• **Recorded information**
....................
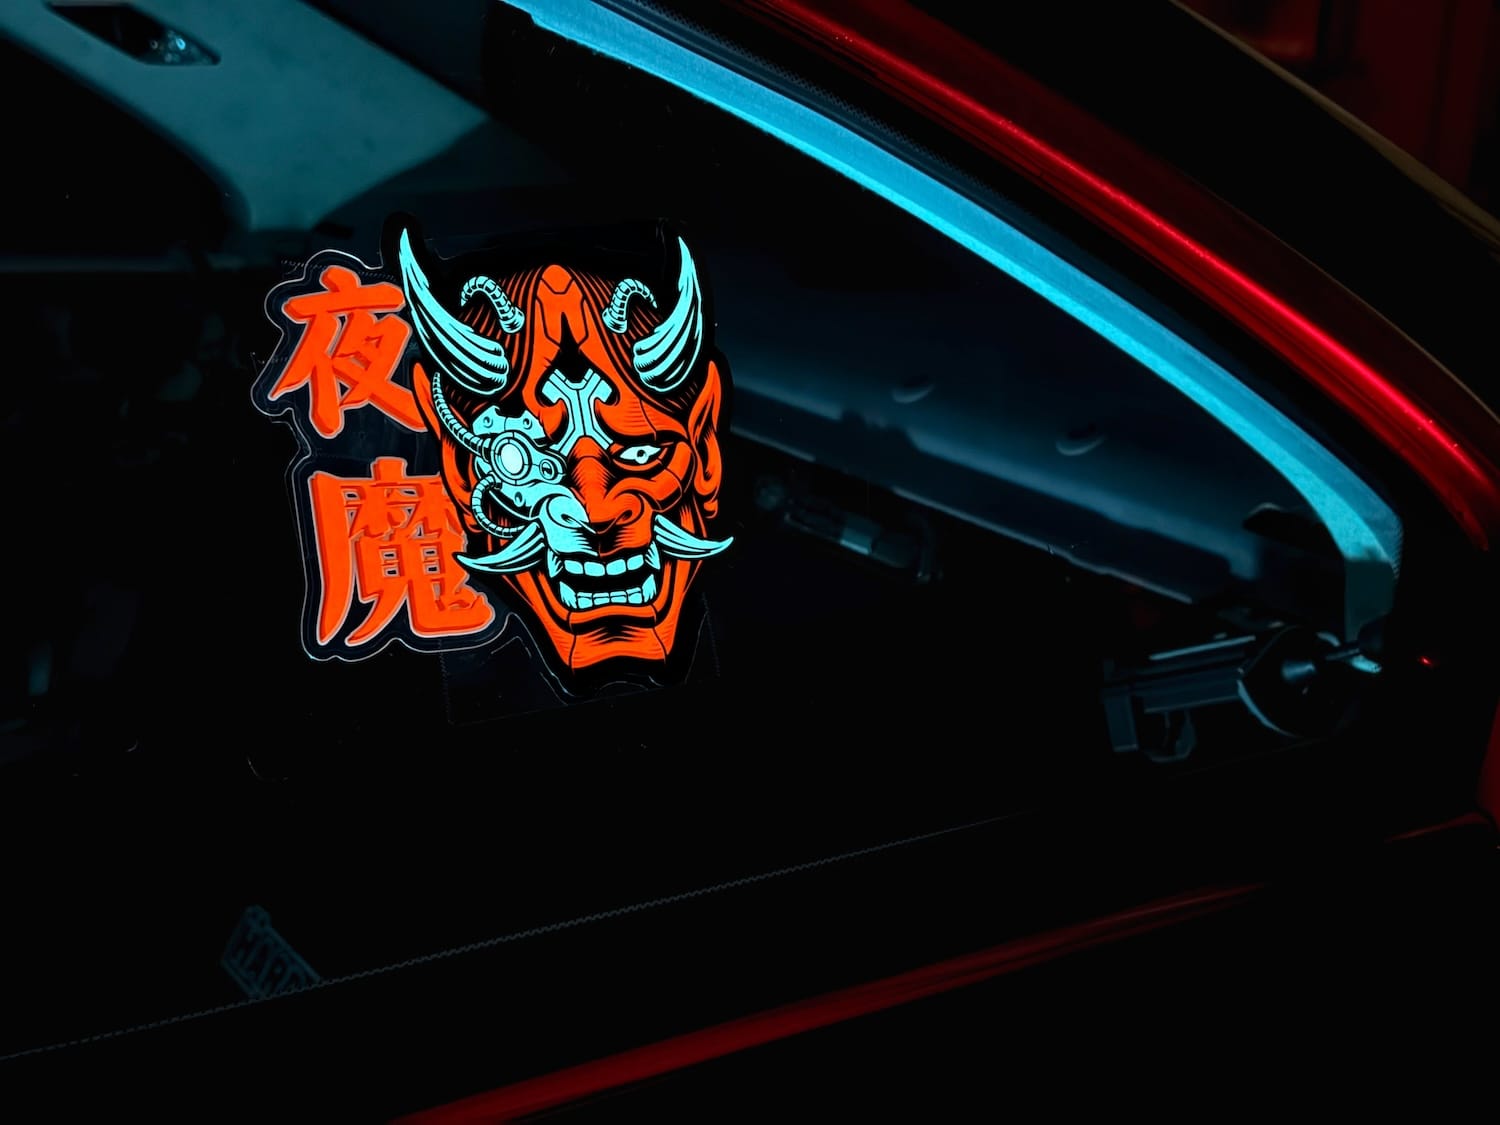 Night Demon - v3.0 Remote Control USB Rechargeable - Illuminated Adhesive Decal
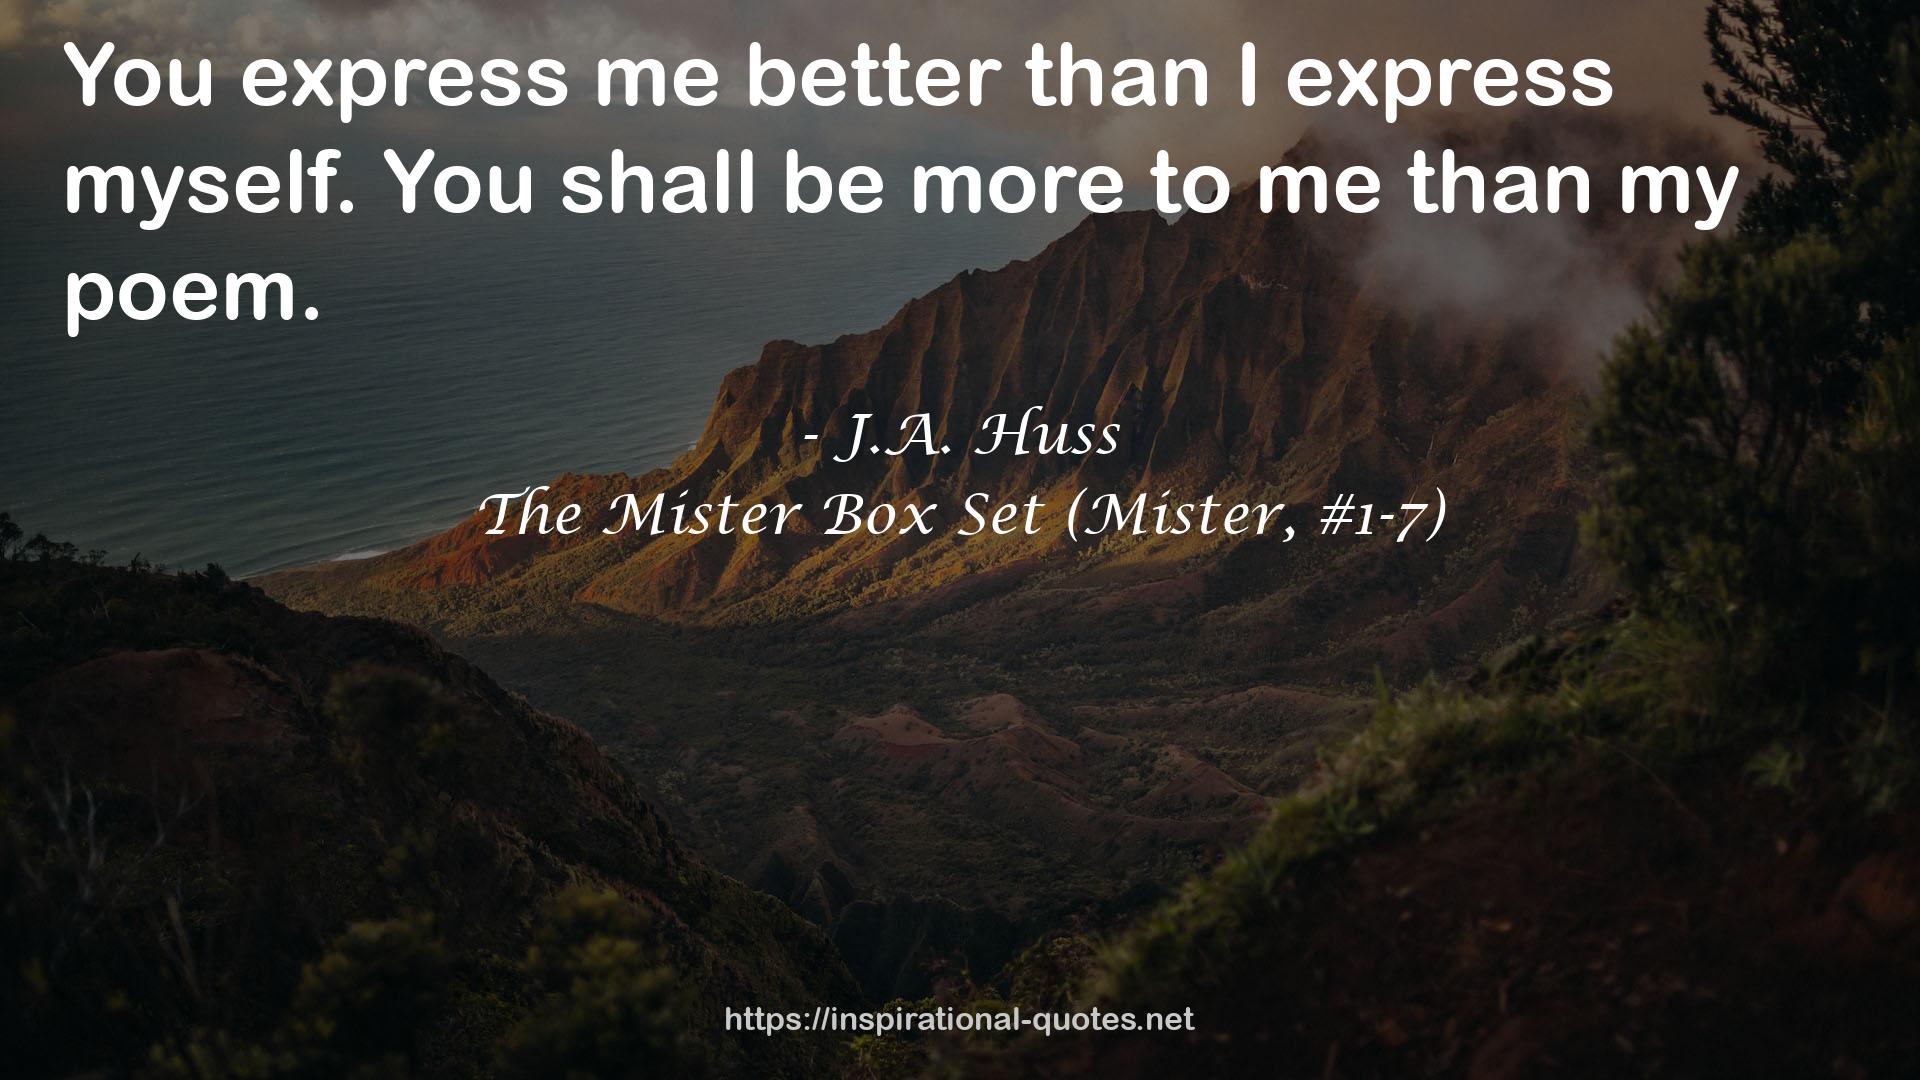 The Mister Box Set (Mister, #1-7) QUOTES
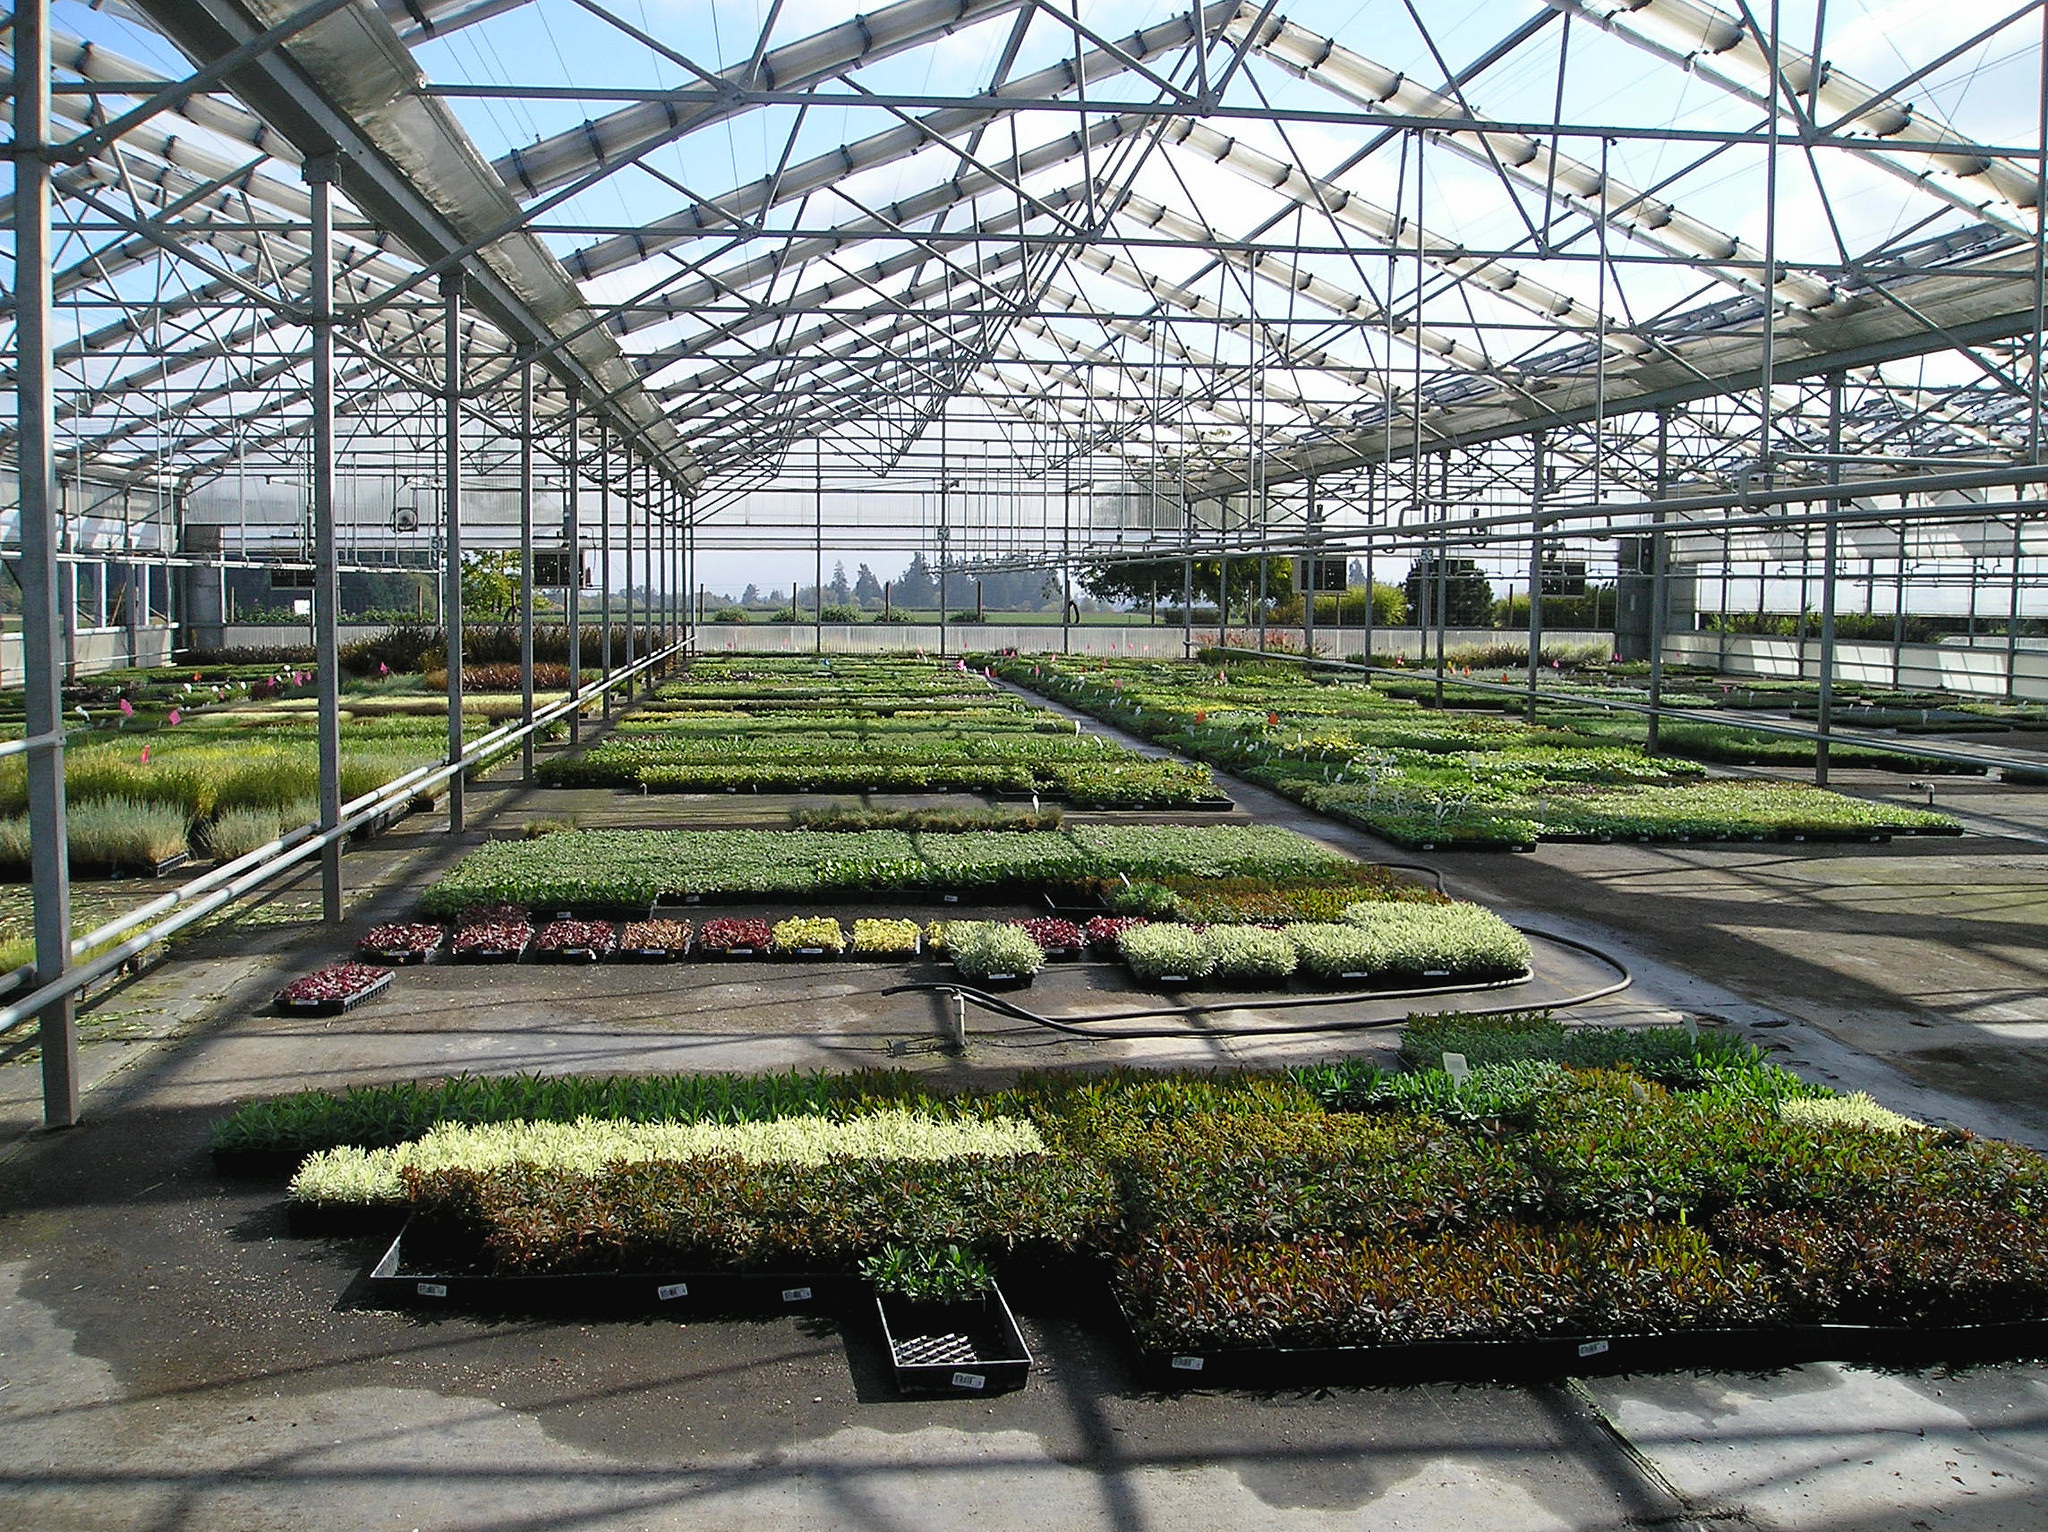 The Other Greenhouse Effect: Examining Energy Usage in Greenhouses
....................
• **Work instruction**
Make an exact printout of the listing above, omitting the images.

• **Response to the task**
 Night Demon - v3.0 Remote Control USB Rechargeable - Illuminated Adhesive Decal
 The Mister Box Set (Mister, #1-7) QUOTES
 The Other Greenhouse Effect: Examining Energy Usage in Greenhouses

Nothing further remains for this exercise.